The fact is that our founders did not give us a nation frightened by the apparition of the Deity lurking about in our most central places.
On Sept. 25, 1789, the text of what was later adopted as the First Amendment was passed by both houses of Congress, and subsequently sent to the states for ratification.
On that same day, the gentlemen in the House who had acted to give us that invaluable text took another action: They passed a resolution asking President George Washington to declare a national day of thanksgiving to no less a perceived eminence than almighty God.

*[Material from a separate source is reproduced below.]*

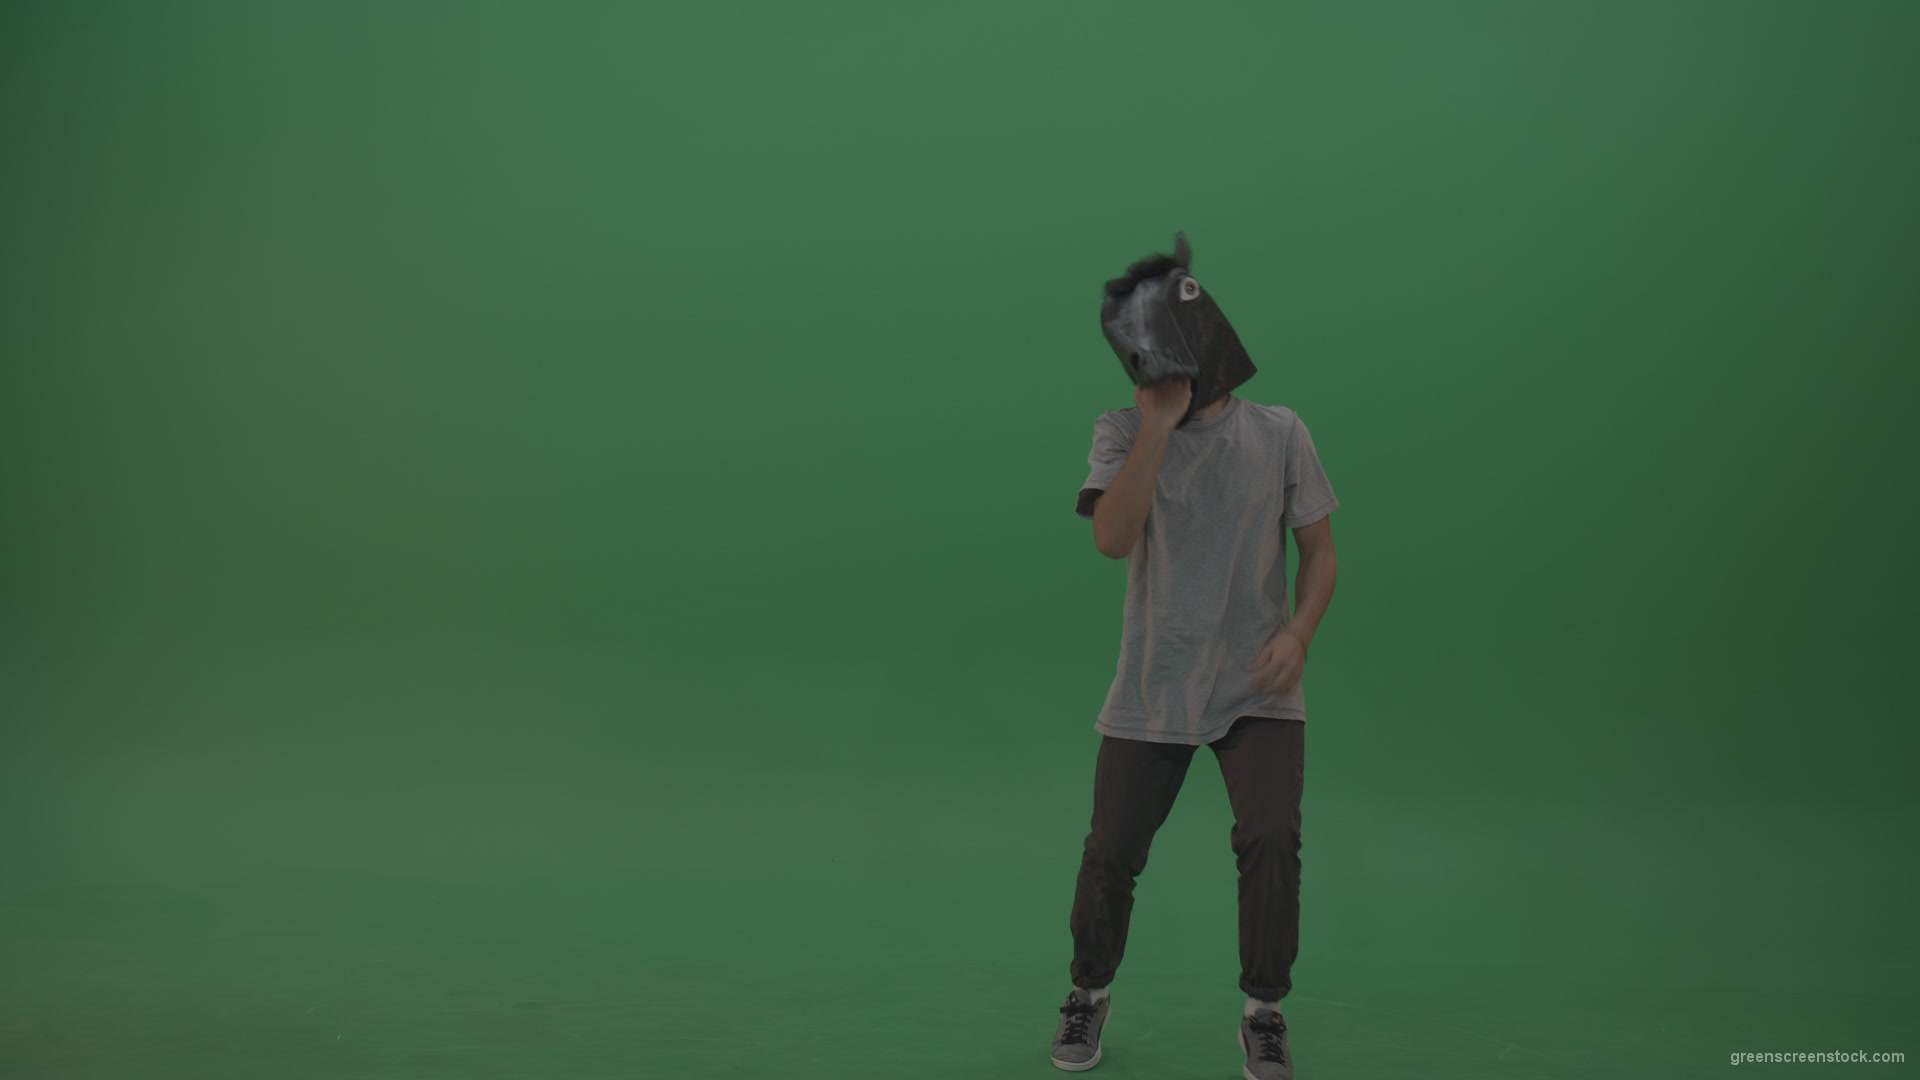 Boy-in-grey-wear-and-horse-head-costume-dances-over-green-screen-background_009 Green Screen Stock

That’s president, that’s national, that’s official and, alas, my doubting hearties, it’s God — all wrapped up in a federal action by those who knew what they meant by the non-establishment clause and saw their request as standing at not the slightest variance from it.
One wonders what the Founders would think of a federal judiciary concerned with the words “under God” in a pledge of allegiance, or a press unable to distinguish the religious beliefs of American citizens from a theocracy.